Official Description: IGF::OT::IGF COMPREHENSIVE F-22 VEHICLE SUSTAINMENT SERVICES

Place of Performance

Location: FORT WORTH, TARRANT County, TEXAS, 76108

State: Texas Government Spending

Plain-Language Summary

Department of Defense obligated $148.5 million to LOCKHEED MARTIN CORPORATION for work described as: IGF::OT::IGF COMPREHENSIVE F-22 VEHICLE SUSTAINMENT SERVICES Key points: 1. Significant contract value for ongoing F-22 fighter jet sustainment. 2. Sole-source award to incumbent Lockheed Martin raises competition concerns. 3. Long-term contract duration (2027) requires careful performance monitoring. 4. Focus on aircraft manufacturing sector, critical for national defense.

Value Assessment

Rating: fair

The contract value of $148.5M over 9 years suggests a substantial but potentially variable annual spend. Benchmarking against similar sole-source sustainment contracts for major weapon systems is difficult without more granular cost data.

Cost Per Unit: N/A

Competition Analysis

Competition Level: sole-source

This contract was awarded on a sole-source basis, indicating a lack of competitive bidding. This limits price discovery and potentially leads to higher costs for taxpayers as the incumbent contractor faces no direct market pressure.

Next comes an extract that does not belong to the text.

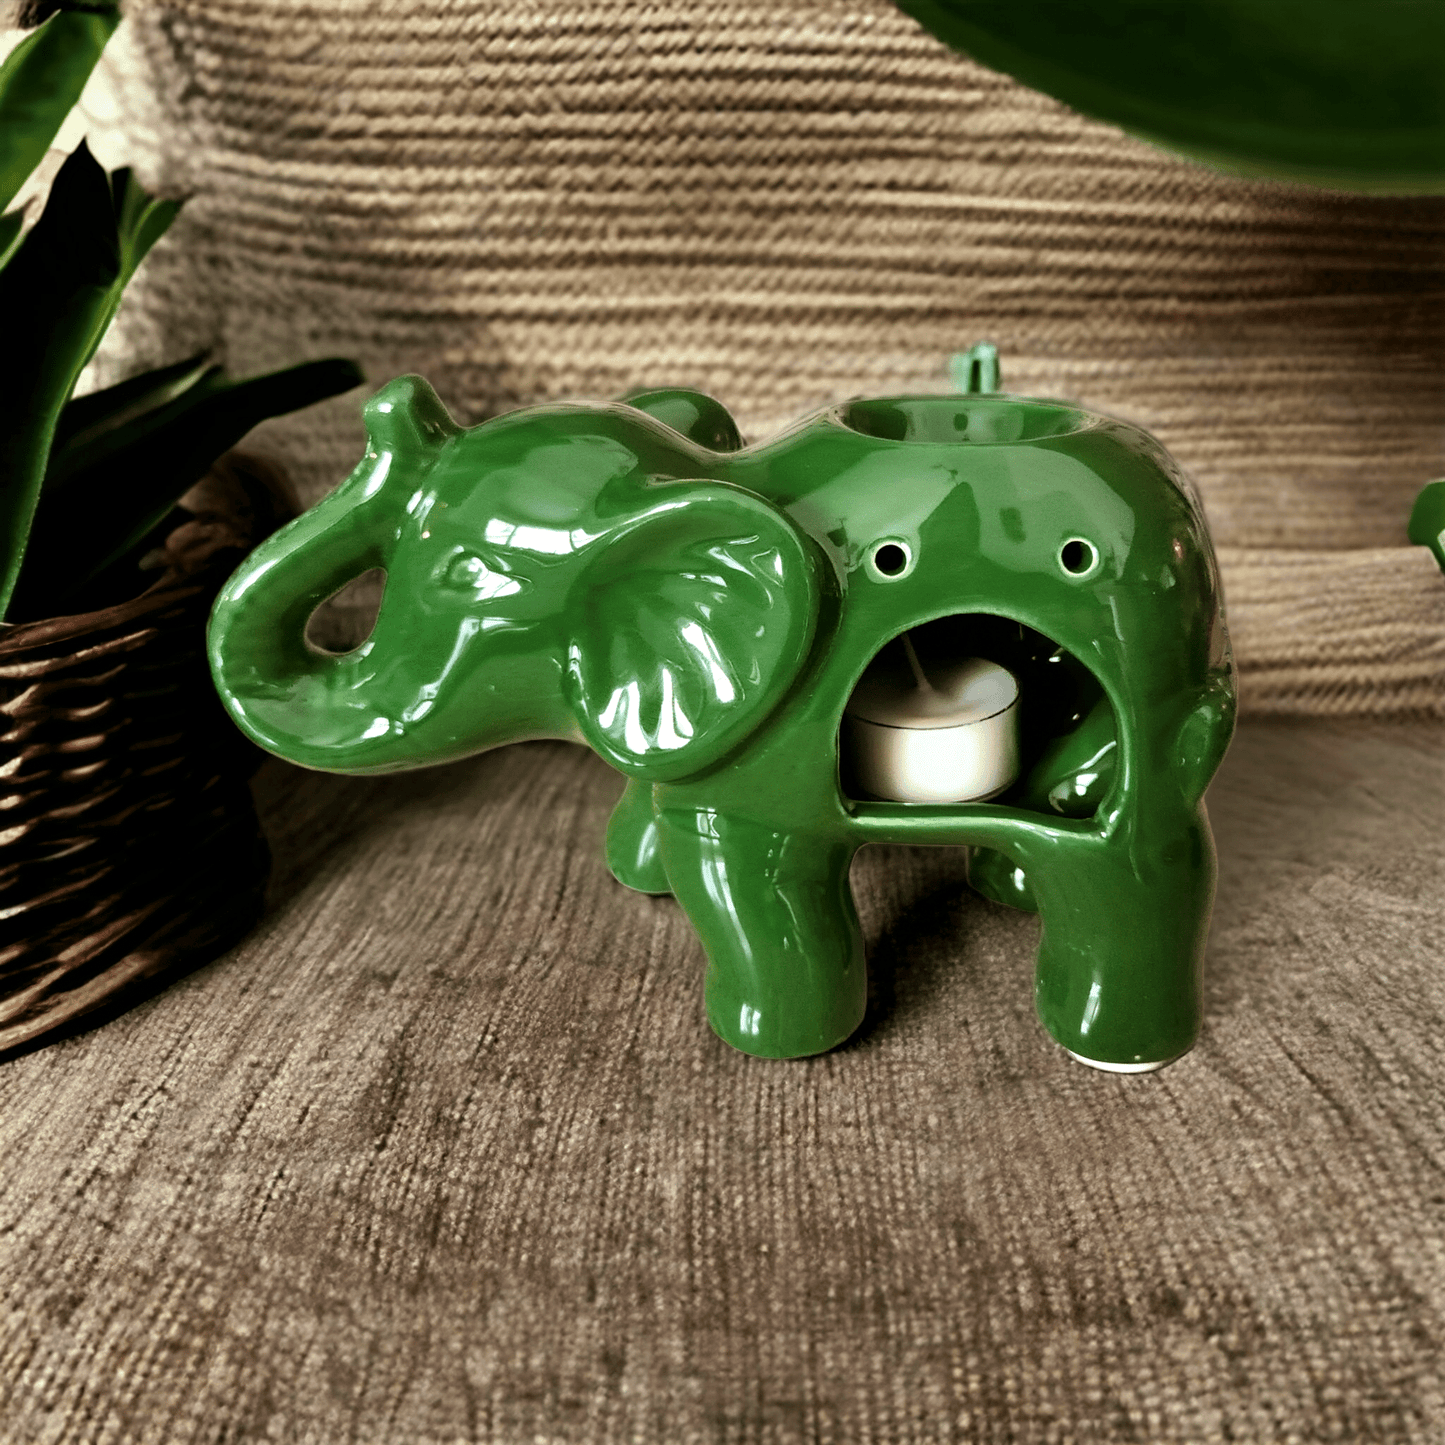 Elephant Ceramic Wax Melter - Green - WaxettyElephant Ceramic Wax Melter - GreenWax Warmer

Taxpayer Impact: The absence of competition for a contract of this magnitude likely results in a higher cost to taxpayers than if multiple vendors had vied for the work.

Public Impact

Ensures continued operational readiness of the F-22 fleet. Supports high-skilled jobs in aerospace manufacturing and maintenance. Impacts national security by maintaining a key strategic asset.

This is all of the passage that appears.